Some cats like dipping their paws into their water bowls or lapping from a dripping faucet. As long as they maintain control of the situation, it can be a pleasurable sensory experience (imagine shimmering surfaces and trickling and gently splashing sounds).

Then there are the exceptions to the 'cats dislike water' rule. Abyssinians and Bengals are brave and adventurous, and will happily swim in it, but Maine Coons have water-repellent coats. The Turkish van, sometimes known as the swimming cat,' is a unique type of cat with a water-resistant coat.

Can I make my cat like water?

It is feasible to train your cat to drink water, but it will take time and patience on your part.

Remember that cats are easily overstimulated. Bathing them can be a nightmare for them, from the way their fur feels wet to the fragrance of any soaps and shampoos, and the sound of gushing, rushing water echoing in a tiled bathroom.

Bathing cats who are water phobic

We've already noted how fastidious cats are; they spend most of their days grooming and hence are essentially self-cleaning.

However, if you feel compelled to bathe your cat, here are some helpful hints to make the experience less painful for your cat and considerably less scratched up for you.

Organize yourself

Make sure you have everything you need ready ahead of time: shampoo (preferably one made for cats), treats, toys, a cup or jug to pour from, and a fluffy, warm towel to wrap them up in after.

To offer your cat additional grip and security, insert a towel or a rubber mat at the bottom of the tub. A slick tub floor will make your cat feel insecure and stressed.

Maintain a quiet atmosphere

The goal here is to produce the least amount of stress possible. Fill the tub ahead of time because the sound of flowing water can be frightening to your cat. Maintain a modest water level in the tub so your cat does not feel threatened.

Avoid making loud noises. Keep the door closed to keep outside noises at bay, and lavish your cat with calming, calm praise.

Maintain a firm but the moderate tone

During a bath, your cat is likely to feel extremely exposed. Restrain them firmly, but not harshly, as this can stress them out. Bath time for your cat should never resemble an amateur wrestling match.

Take note of your cat's body language. Don't push it if they appear overwhelmed and upset. To foster a good environment, lavish them with praise and treats.

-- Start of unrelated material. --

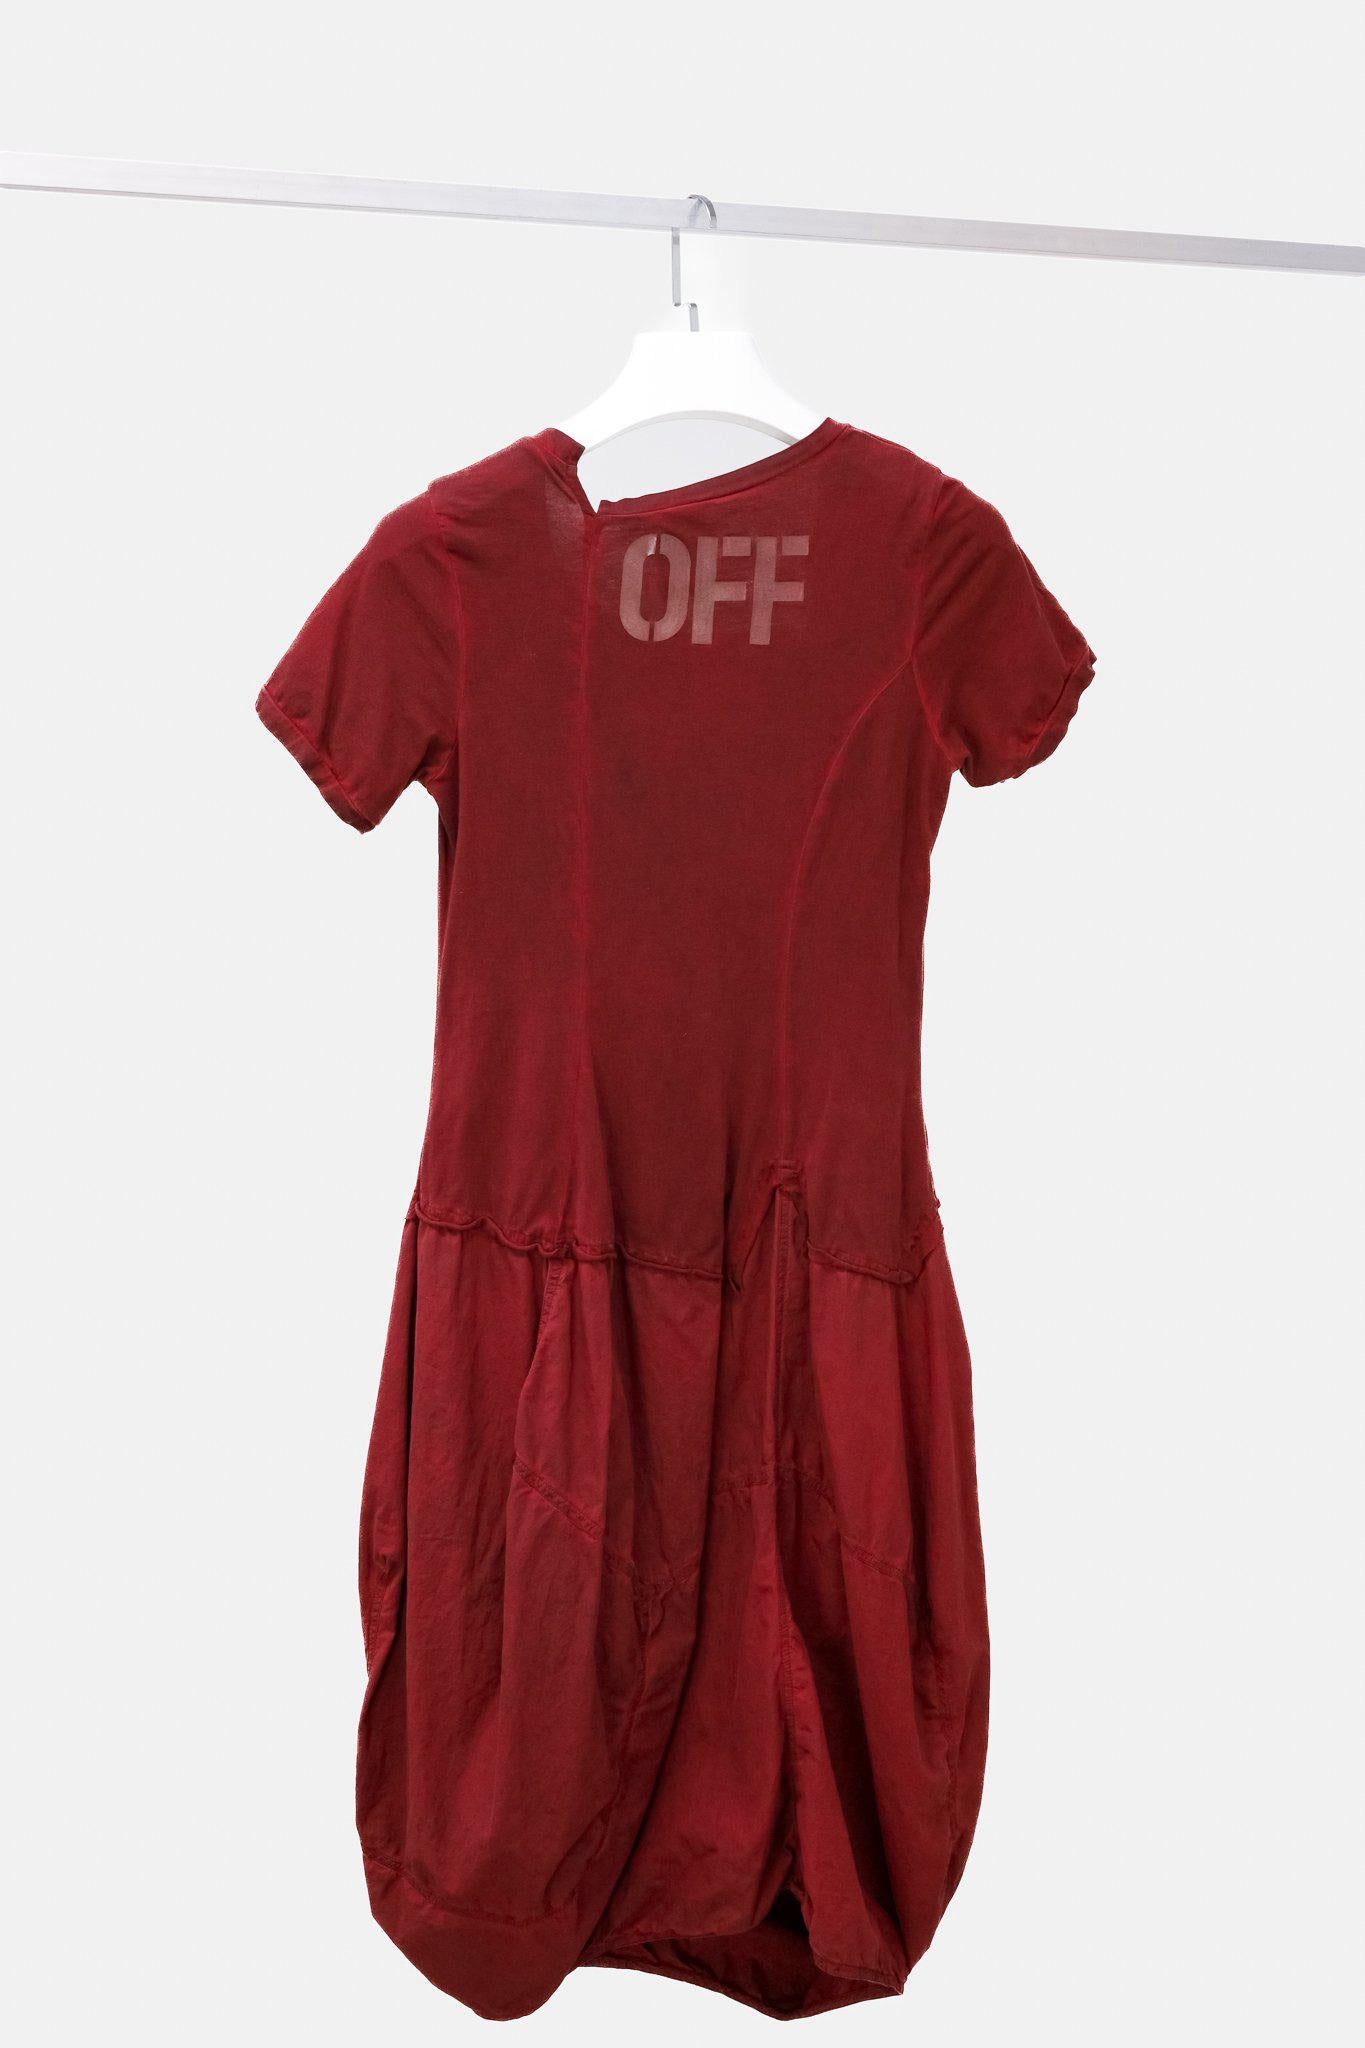 Rundholz Red "OFF" Dress

Use a cup instead of the faucet

When it comes time to rinse, a cup or jug will be considerably less terrifying to your cat than a loud faucet or handheld shower. Cleaning a small area rather than submerging your cat's complete body is always preferred.

To avoid skin irritation, go slowly and get all of the suds out. Furthermore, your cat will most likely groom themselves quickly after their bath, and you don't want them to consume any leftover shampoo.

It is critical not to wet your cat's head; their ears, eyes, and whiskers are incredibly sensitive. Getting water on their face nearly always results in an angry kitten.

Towel-dry in a warm place

No prizes for predicting that slamming a screaming blow dryer into your already agitated feline would end badly.

A warm, soft, and fluffy towel will suffice. Allow your cat to do the rest by giving them a nice rub down. To avoid catching a cold, keep your cat in a warm room away from drafts , and don't let them out until they're completely dry.

Give sweets and then depart

Shower your cats with praise and treats, then take a break to let them recover from the hardship. They're probably overstimulated and require some space at this point.

When your cat appears to be recovering from the ordeal, devote some playing to provide a healthy outlet for any extra stimulation and to reestablish a happy atmosphere.

We have an article about cat skin, coat, and dental care for people who have survived bathing their cats.